Moneybox

What Makes Apple, Google, and Microsoft Different From the Corporate Titans of Yesteryear

These guys would love to invest billions in great new products, they just don't know how.
These guys would love to invest billions in great new products, they just don’t know how.

Photo by David Becker/Getty Images

Paul Krugman’s column title today is “Profits Without Production,” which I think is right on, but a lot of his text ends up focusing on what I think is a side-issue of alleged monopoly rents:

Since profits are high while borrowing costs are low, why aren’t we seeing a boom in business investment? And, no, investment isn’t depressed because President Obama has hurt the feelings of business leaders or because they’re terrified by the prospect of universal health insurance.

Well, there’s no puzzle here if rising profits reflect rents, not returns on investment. A monopolist can, after all, be highly profitable yet see no good reason to expand its productive capacity. And Apple again provides a case in point: It is hugely profitable, yet it’s sitting on a giant pile of cash, which it evidently sees no need to reinvest in its business.

The problem here is that Apple isn’t a monopolist in any conventional sense.
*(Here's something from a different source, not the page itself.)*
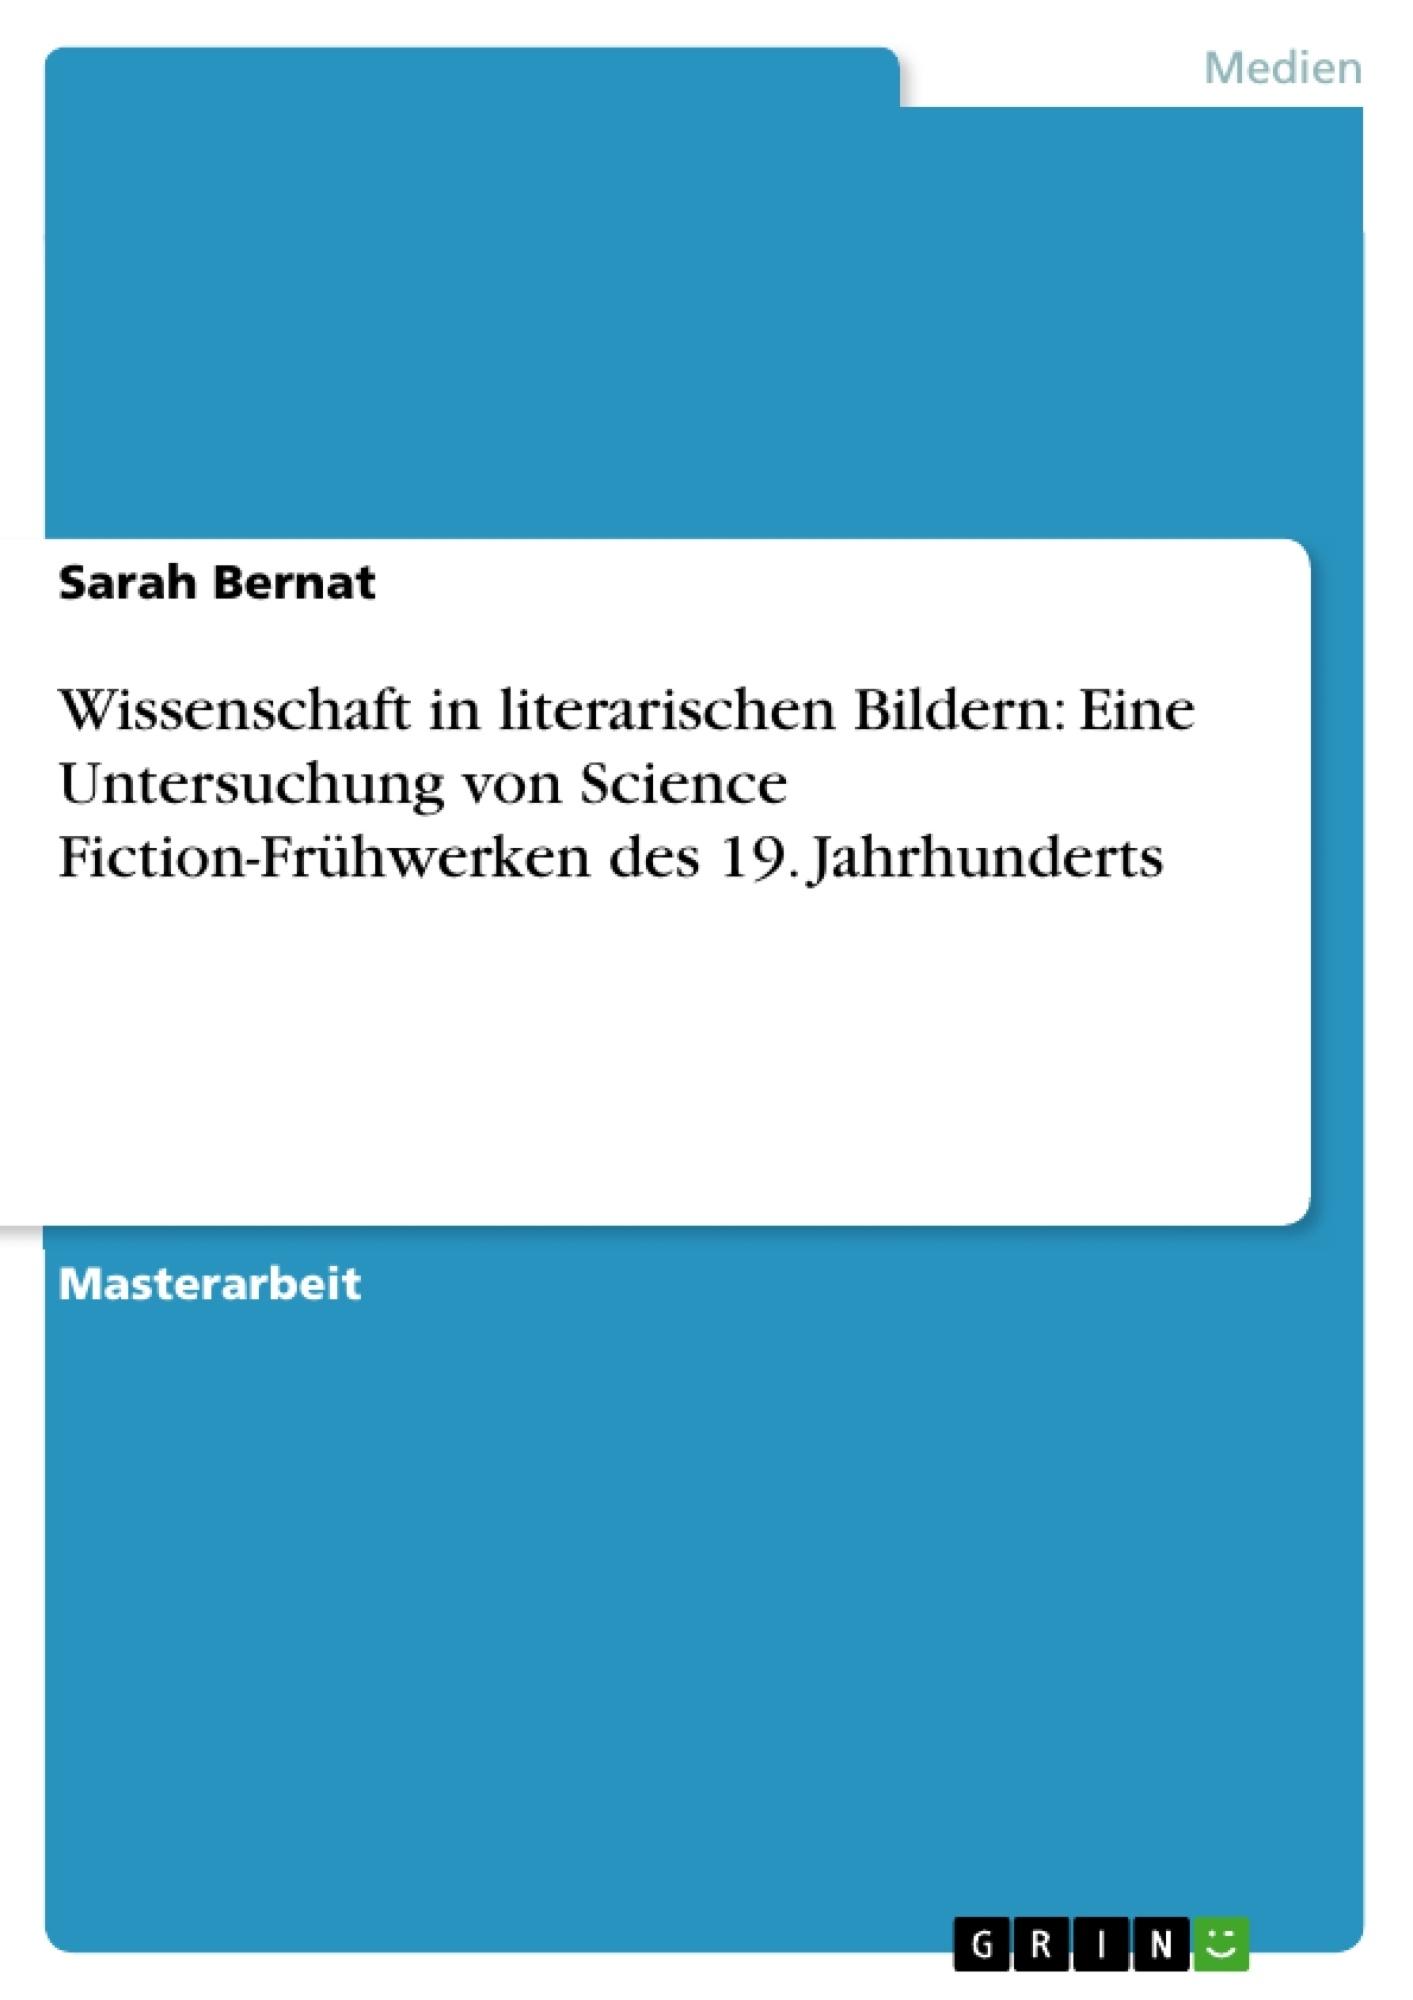 Titel: Wissenschaft in literarischen Bildern: Eine Untersuchung von Science Fiction-Frühwerken des 19. Jahrhunderts

The vast majority of personal computer owners do not own a Macintosh. The vast majority of smartphone owners do not own an iPhone. The iPad does have a (contested) majority of the tablet market, but this is a rapidly growing market and Apple most definitely is seeking to expand its productive capacity. 
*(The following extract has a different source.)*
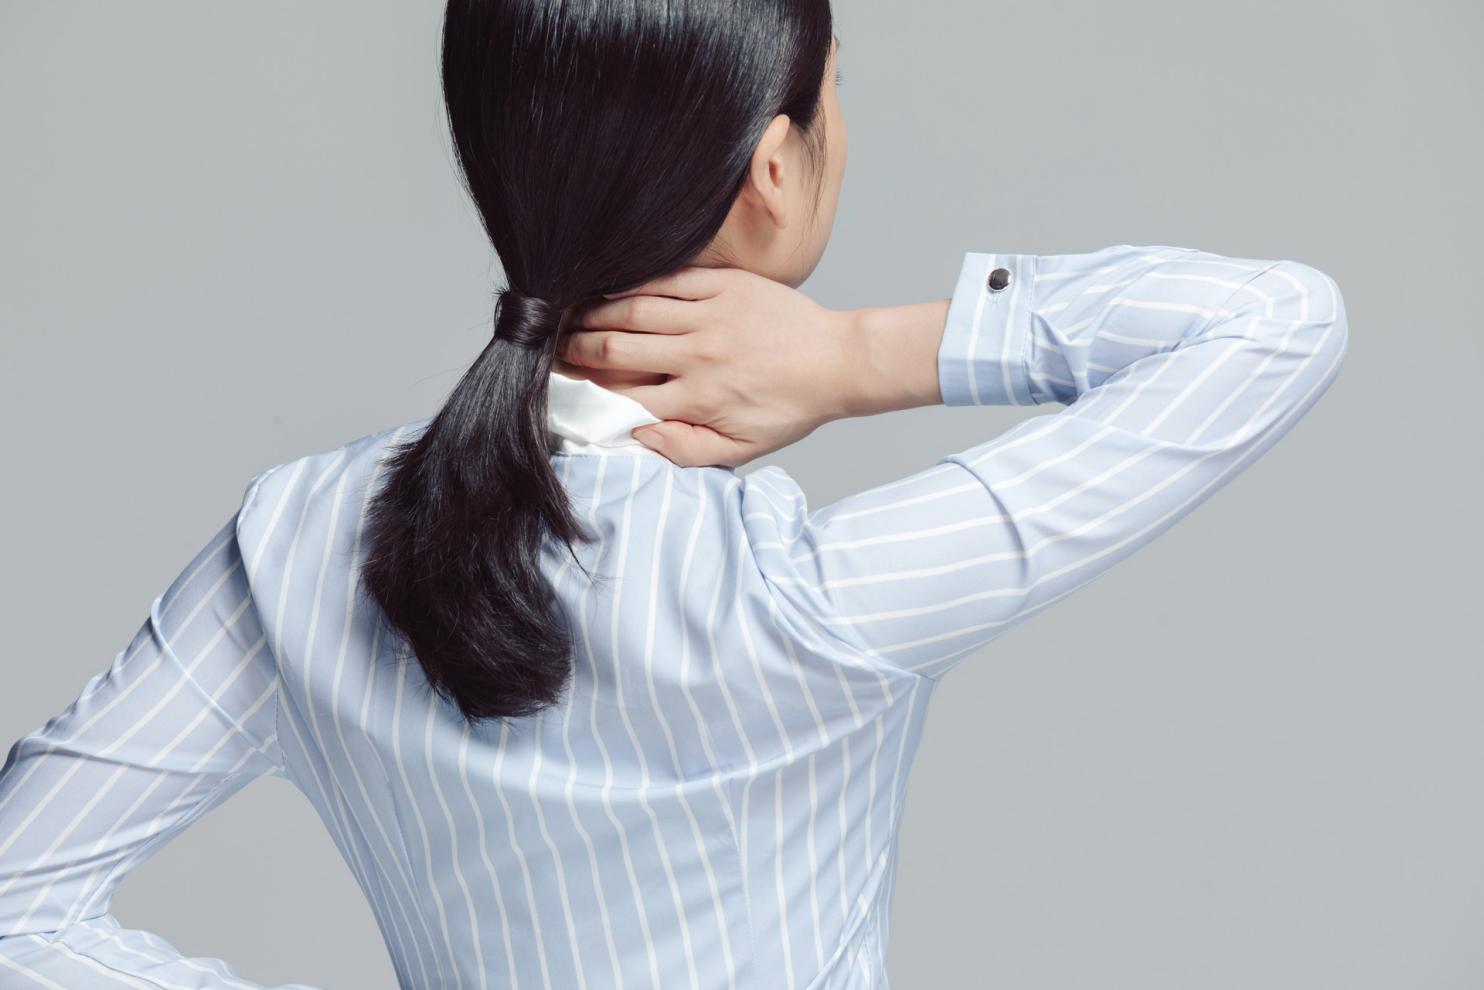 摄图网_501651753_banner_白领商务女性腰酸背痛特写(非企业商用)

I would point to two different issues. One is that Steve Ballmer or Tim Cook can’t exactly get his executive team together and say “interest rates are low, let’s go buy $20 billion worth of innovative new product categories” in the same way that Southwest Airlines can decide to go buy a bunch of new planes. If you want to “invest” in growth, all you can do is buy whole companies, and that’s exactly what’s happening. But it’s also not obvious to me that Apple or Microsoft or Google actually is facing low interest rates. The relevant interest rate for investment decision purposes is the real interest rate, and computer-intensive firms are making investment decisions in a strongly deflationary environment. Even at Apple’s super-low nominal borrowing costs, the real interest rate involved in building a server farm might be astronomical.

In theory, this is what we have a banking sector for. Apple can make profits selling smartphones and then the banking system reallocates those funds to different firms who have promising investment opportunities—Apple doesn’t need to invest its own profits for the profits to recycle through the system.